Without copying any picture, return all lines below exactly.
━━━ GIVEN DATA
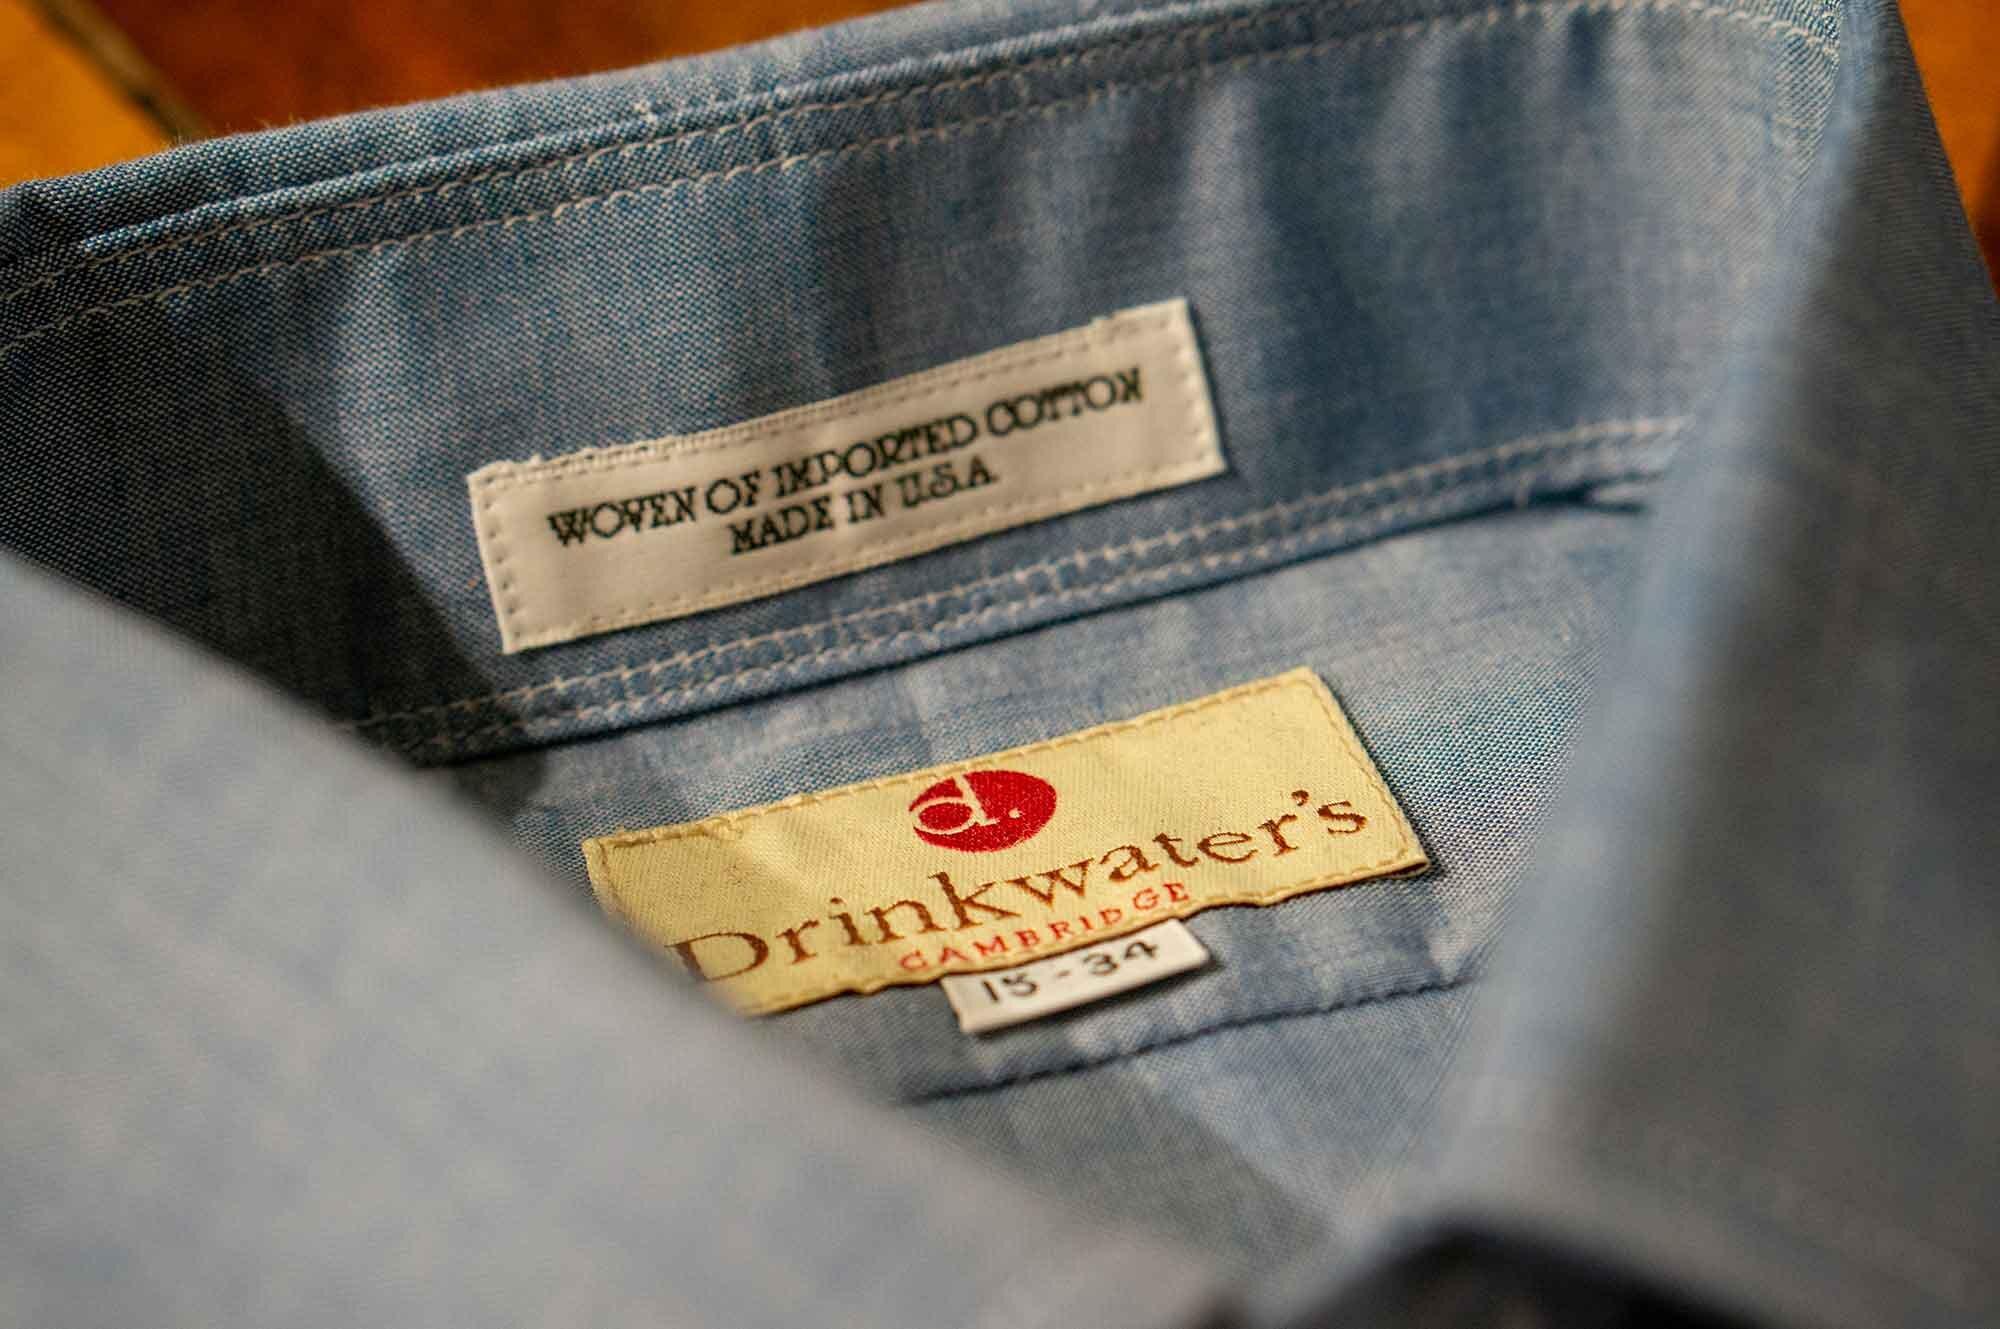 drinkwaters_cambridge_great_mens_clothing_13.jpg
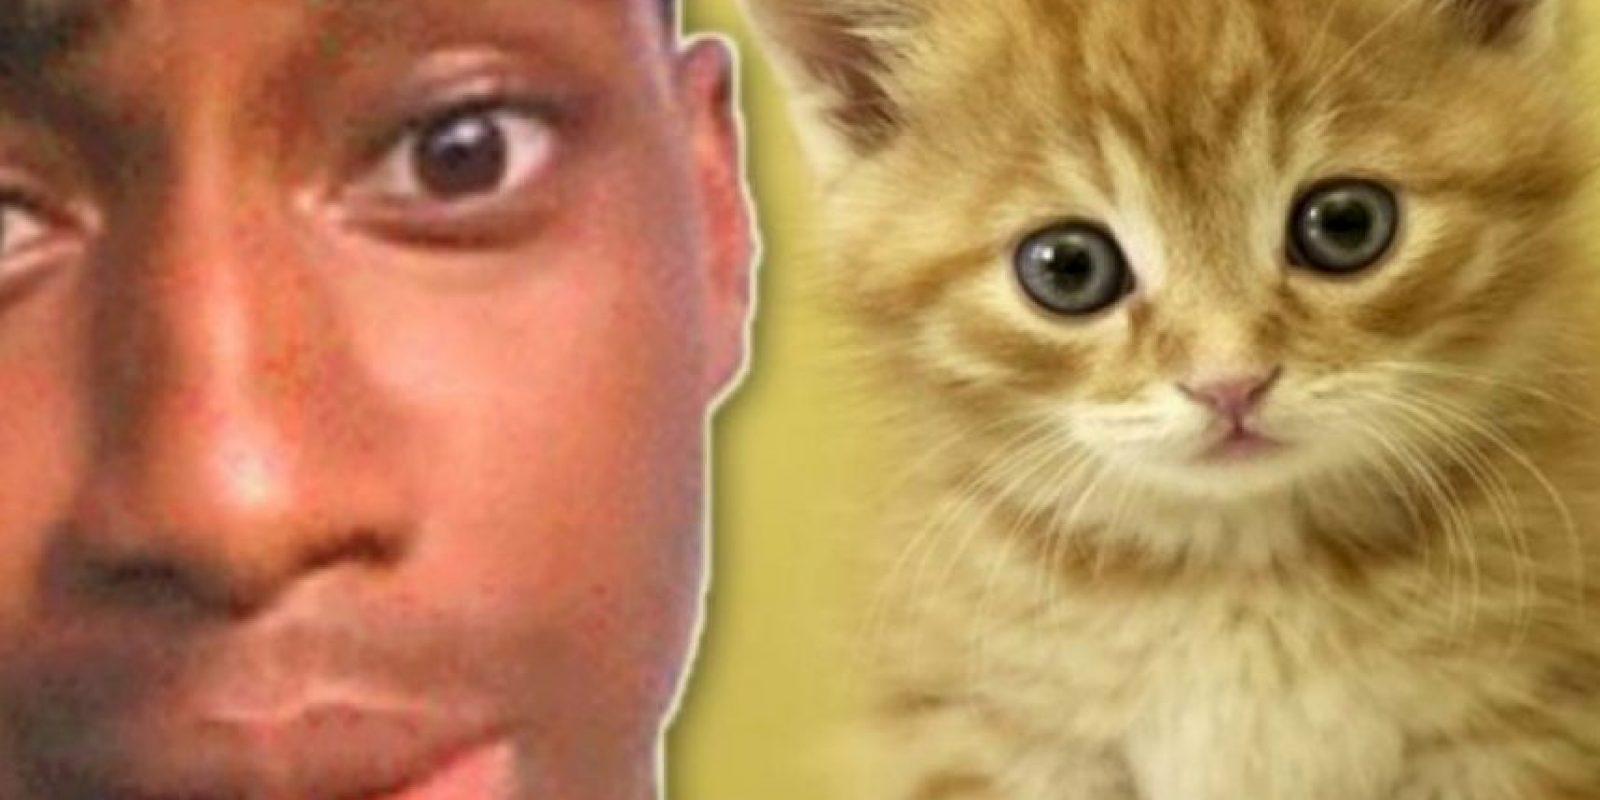 """Pateó a su pequeño gatito: Walter Easley se ganó el odio de Internet cuando tuvo la """"brillante idea"""" de grabarse a sí mismo pateando a su gatito. Inicialmente se burló de los comentarios de odio en Twitter diciendo: """"lol, ahora tengo algo con lo qué reírme todo el día"""". Pero el video se volvió viral y a él lo arrestaron. Tuvo que pasar 60 días en prisión. El gatito no sufrió ningún daño, pero a su dueño le quitaron la custodia. Foto:Oddee"""
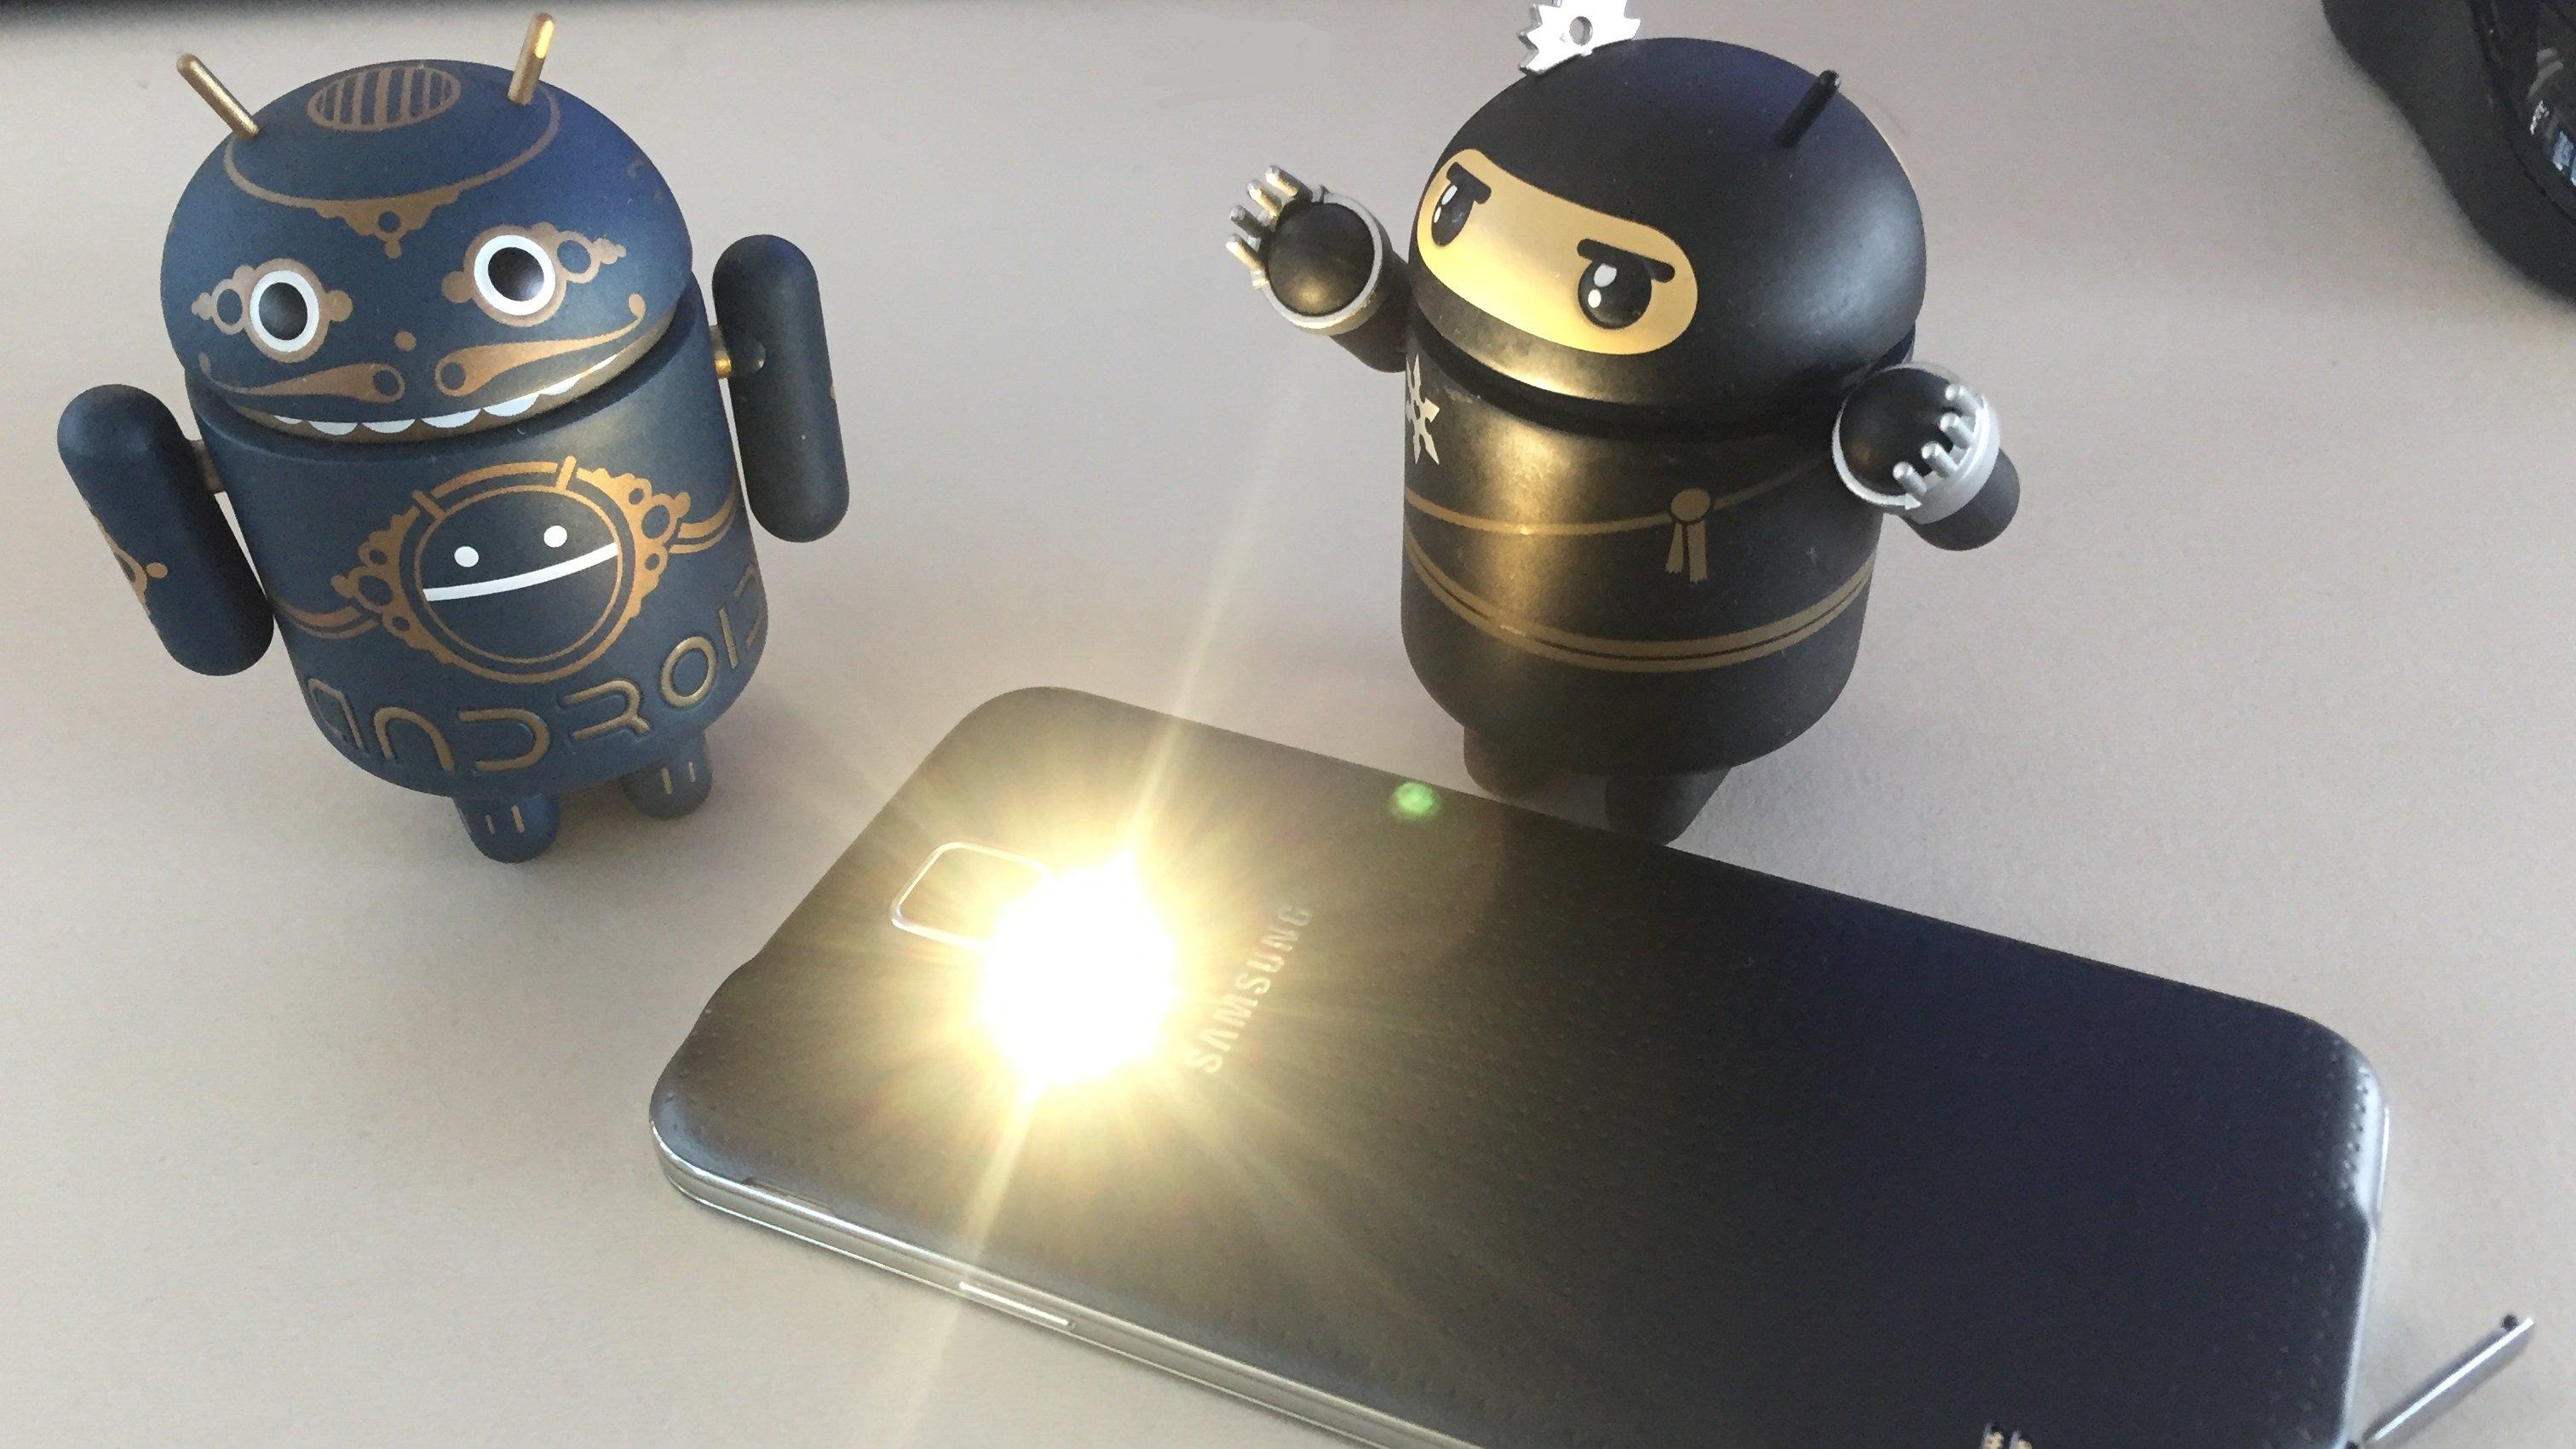 So leuchtet das Smartphone auf, wenn jemand anruft
━━━━━━
### ANSWER BOX
 drinkwaters_cambridge_great_mens_clothing_13.jpg
 """Pateó a su pequeño gatito: Walter Easley se ganó el odio de Internet cuando tuvo la """"brillante idea"""" de grabarse a sí mismo pateando a su gatito. Inicialmente se burló de los comentarios de odio en Twitter diciendo: """"lol, ahora tengo algo con lo qué reírme todo el día"""". Pero el video se volvió viral y a él lo arrestaron. Tuvo que pasar 60 días en prisión. El gatito no sufrió ningún daño, pero a su dueño le quitaron la custodia. Foto:Oddee"""
 So leuchtet das Smartphone auf, wenn jemand anruft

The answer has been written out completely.